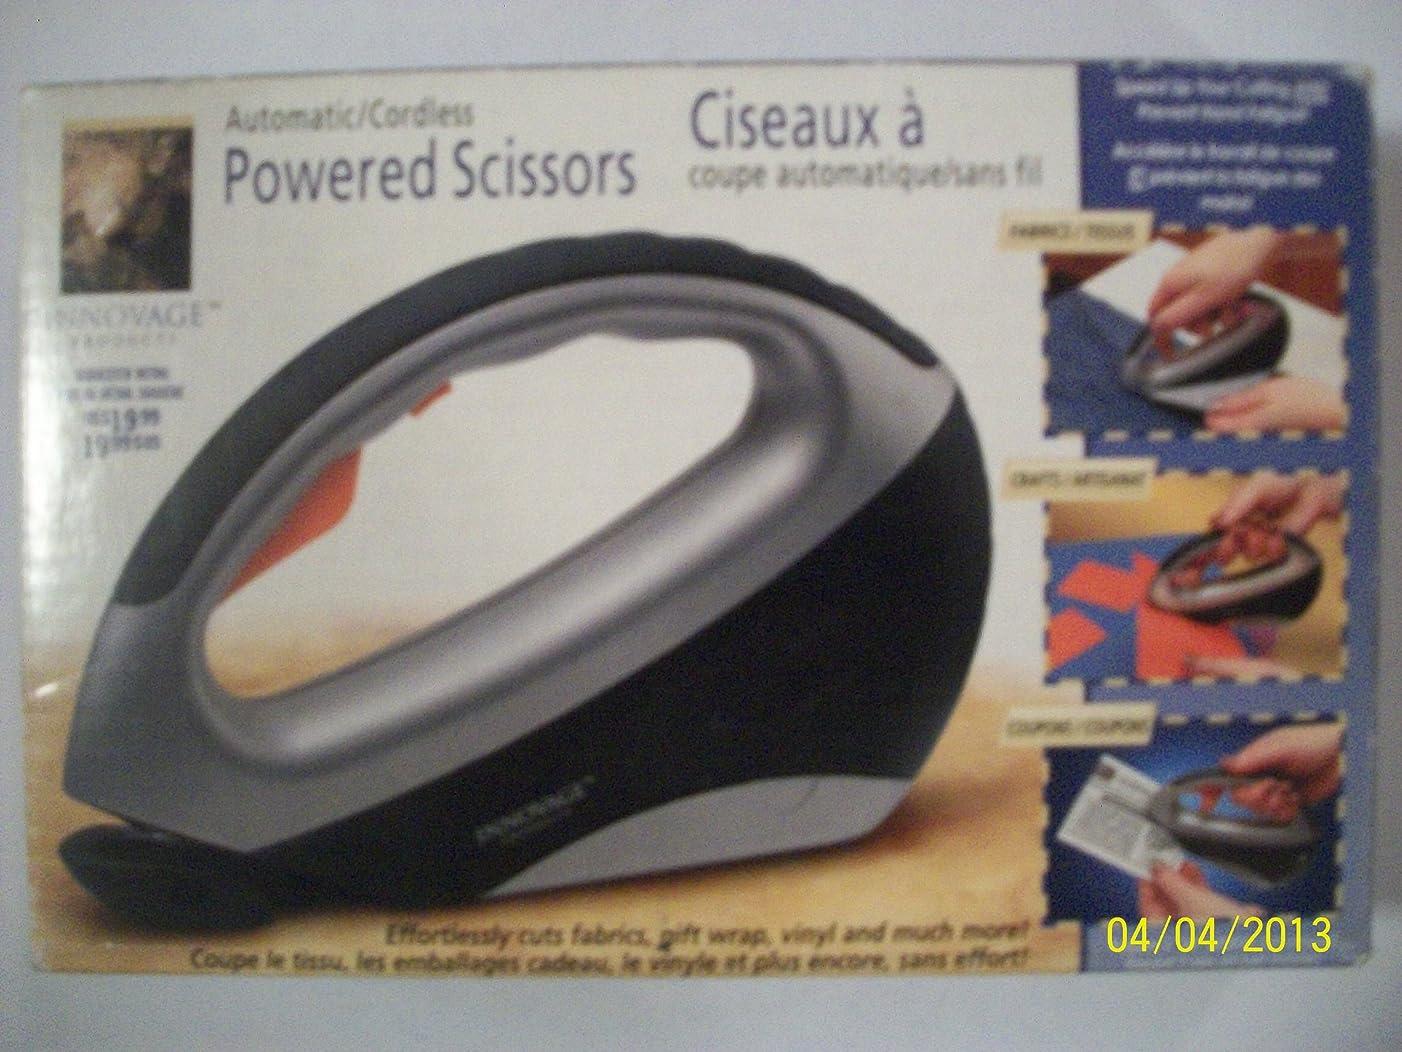 Powered Scissors
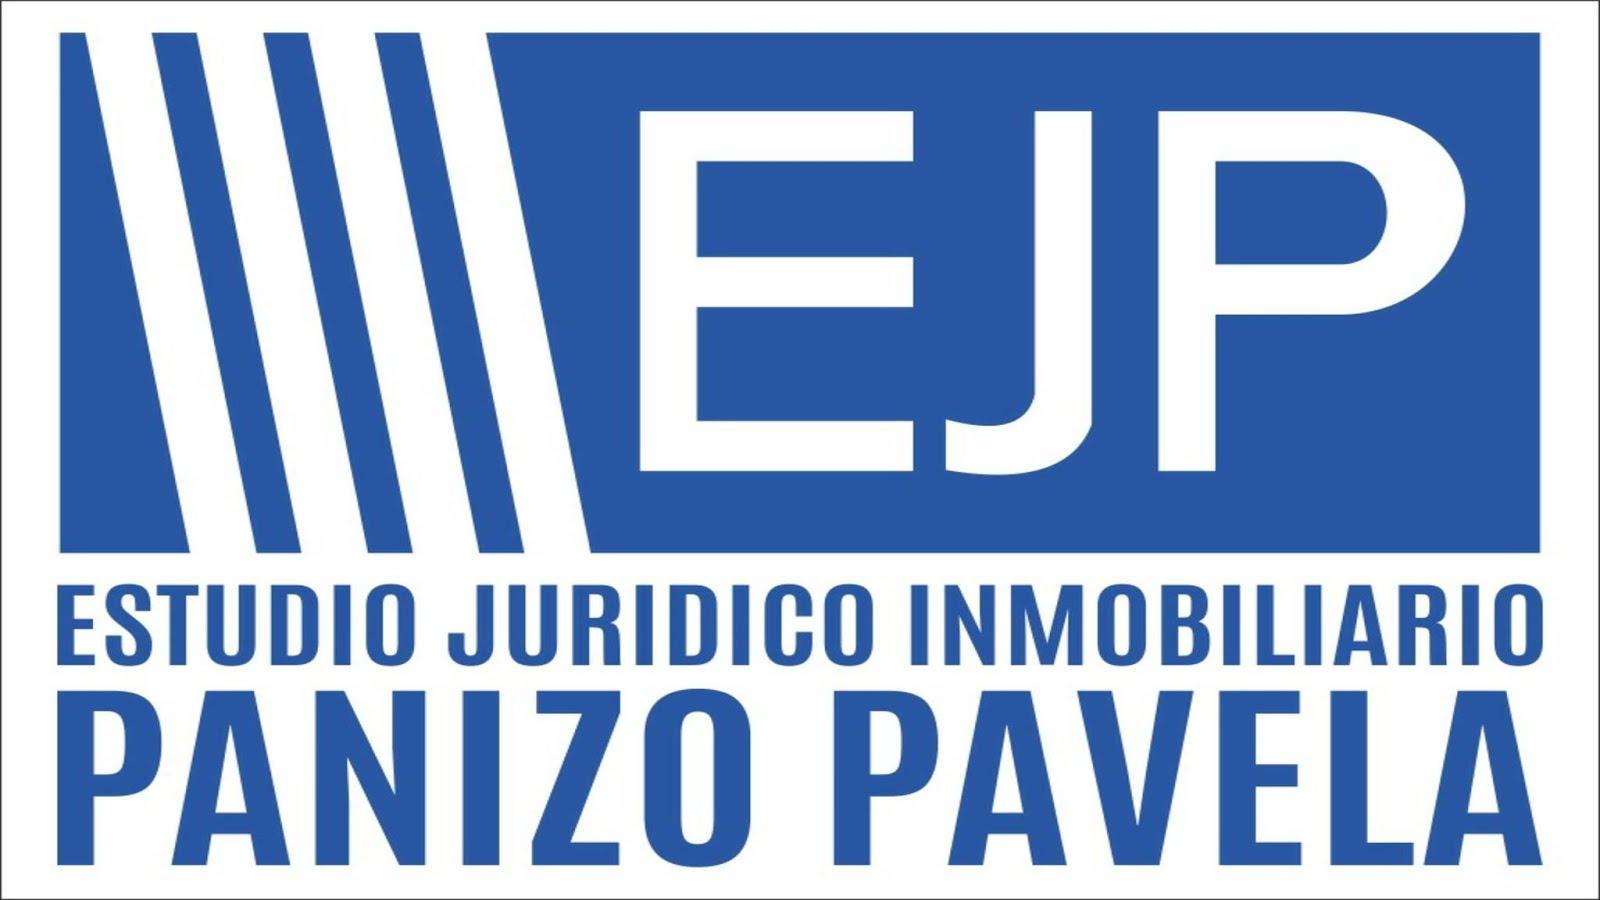 Abogados de FAMILIA en Mar del Plata :: EJP Panizo Pavela :: Divorcios, Convenios, Visitas
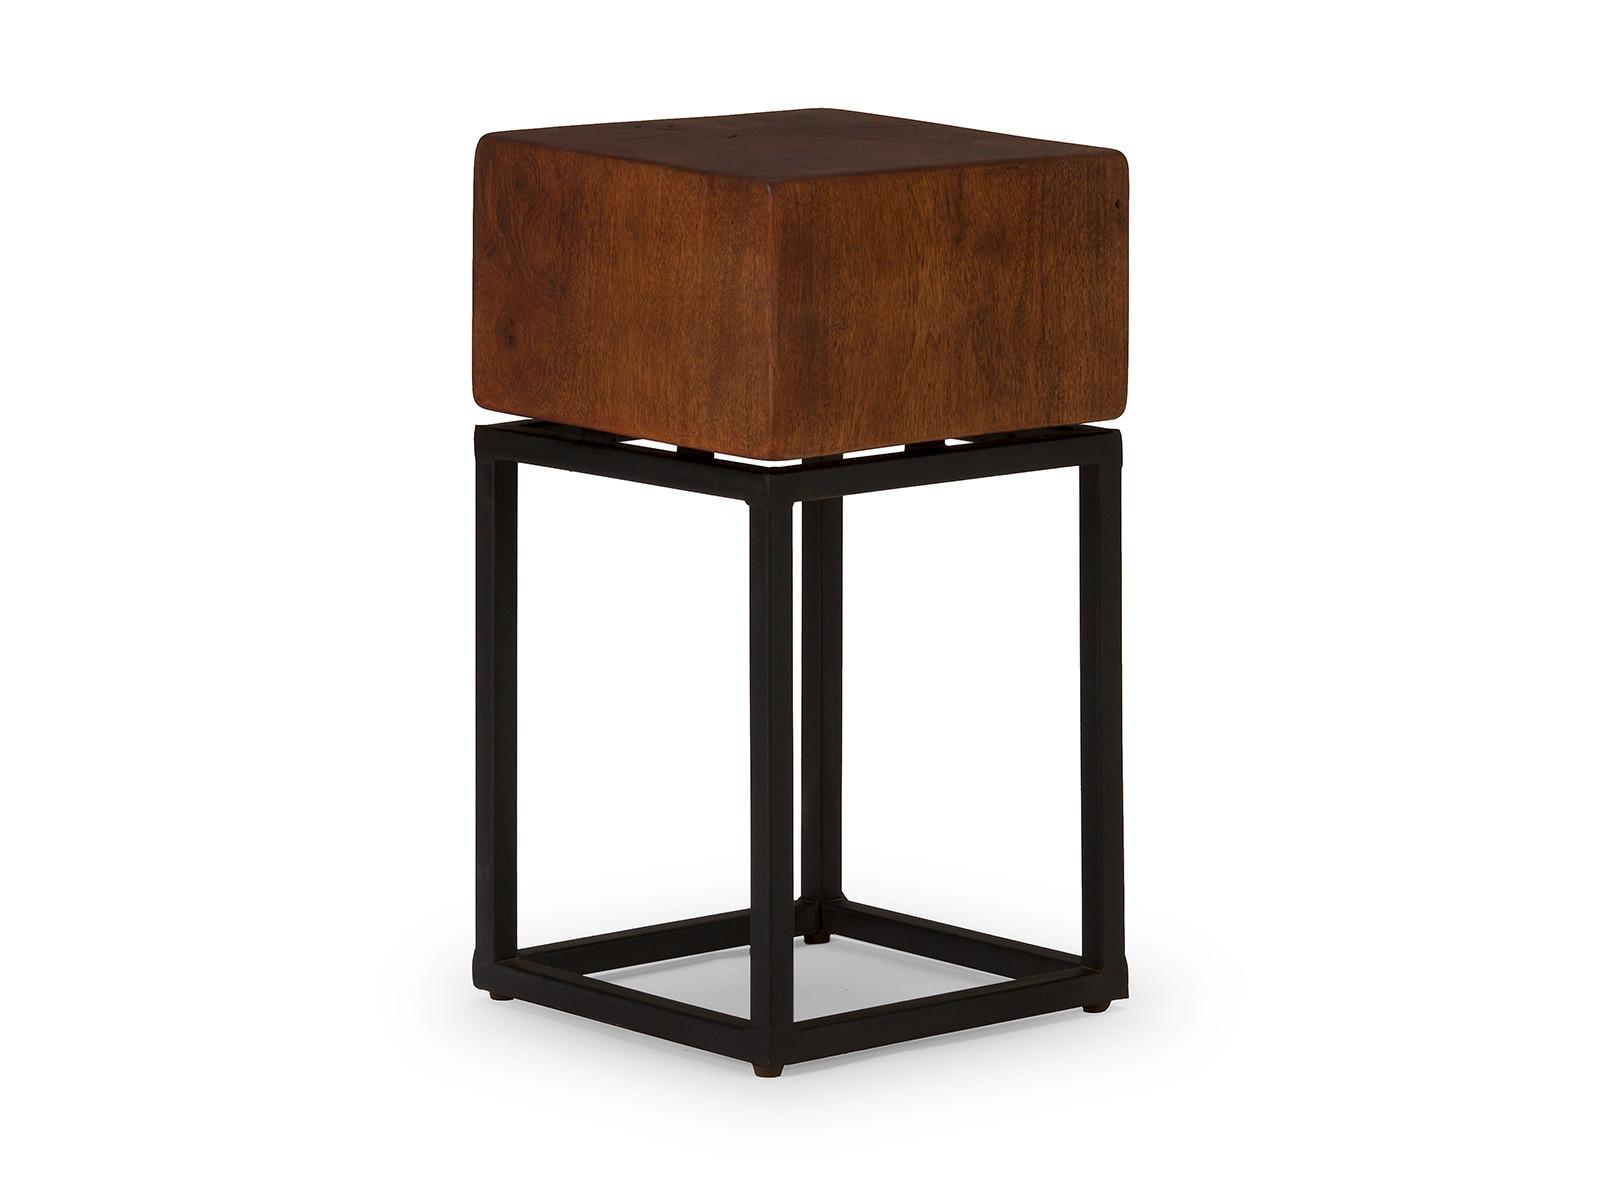 industrial hocker cube braun industrie look sitzm bel industrial shabby. Black Bedroom Furniture Sets. Home Design Ideas
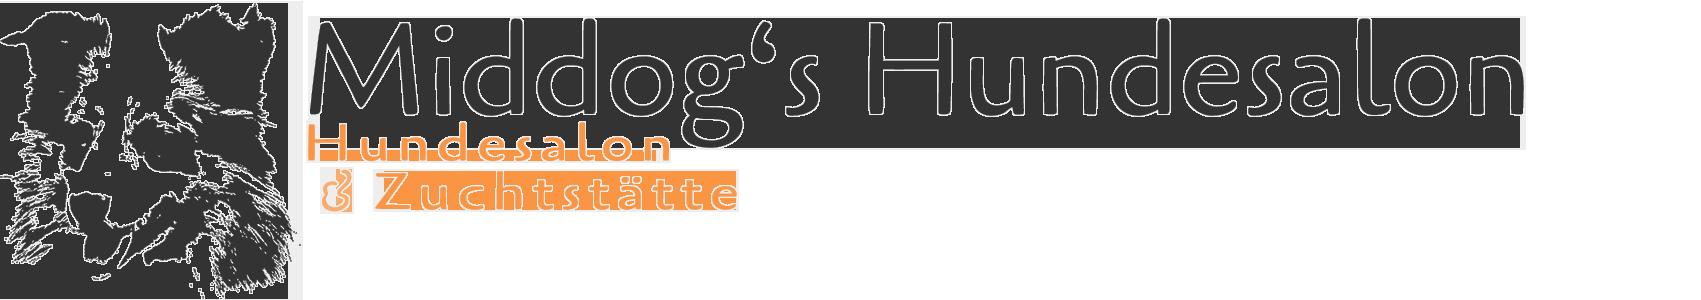 Middog's Hundesalon logo
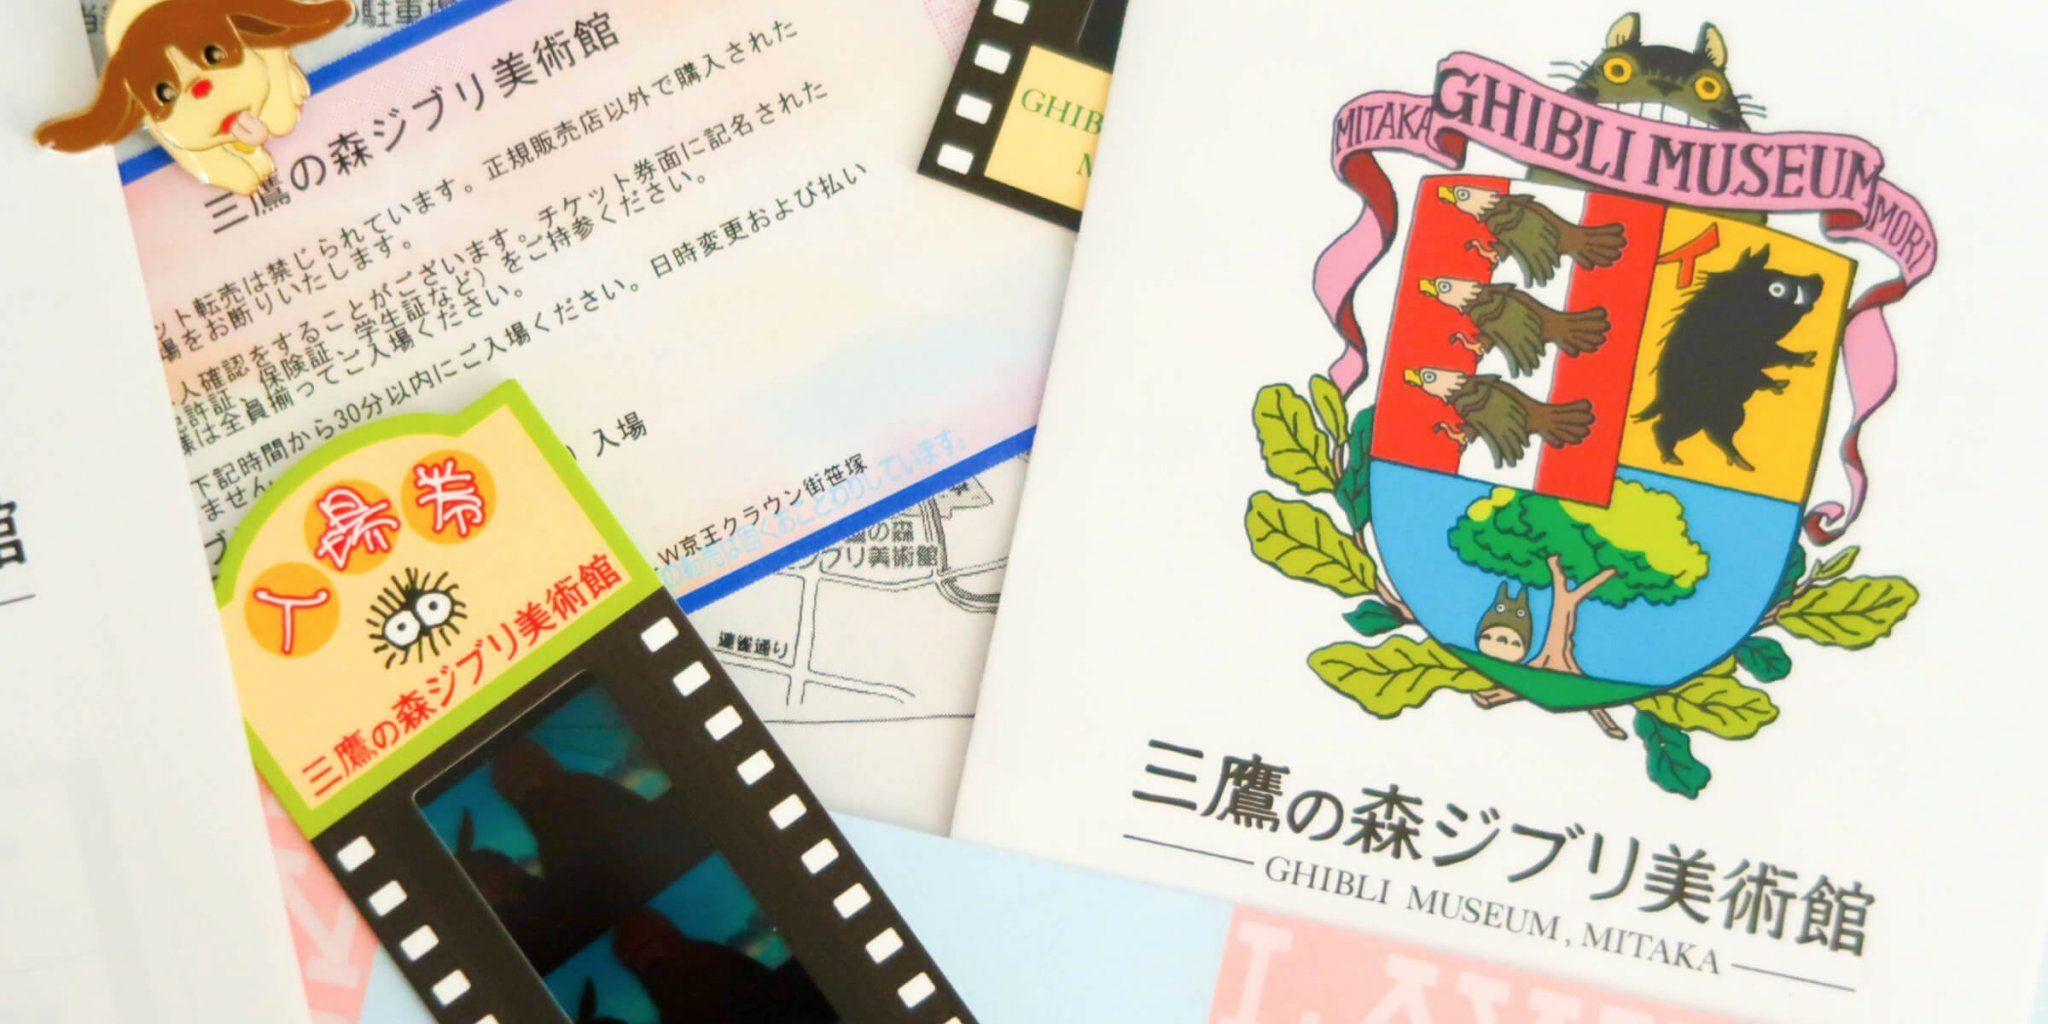 5 Ways To Buy Ghibli Museum Tickets Museum Tickets Ghibli Tokyo Museum

===

TASK GOAL =
Output, exactly, all the records above; include no pictures.

RESPONSE =
 Powered Scissors
 Abogados de FAMILIA en Mar del Plata :: EJP Panizo Pavela :: Divorcios, Convenios, Visitas
 industrial hocker cube braun industrie look sitzm bel industrial shabby. Black Bedroom Furniture Sets. Home Design Ideas
 Middog's Hundesalon logo
 5 Ways To Buy Ghibli Museum Tickets Museum Tickets Ghibli Tokyo Museum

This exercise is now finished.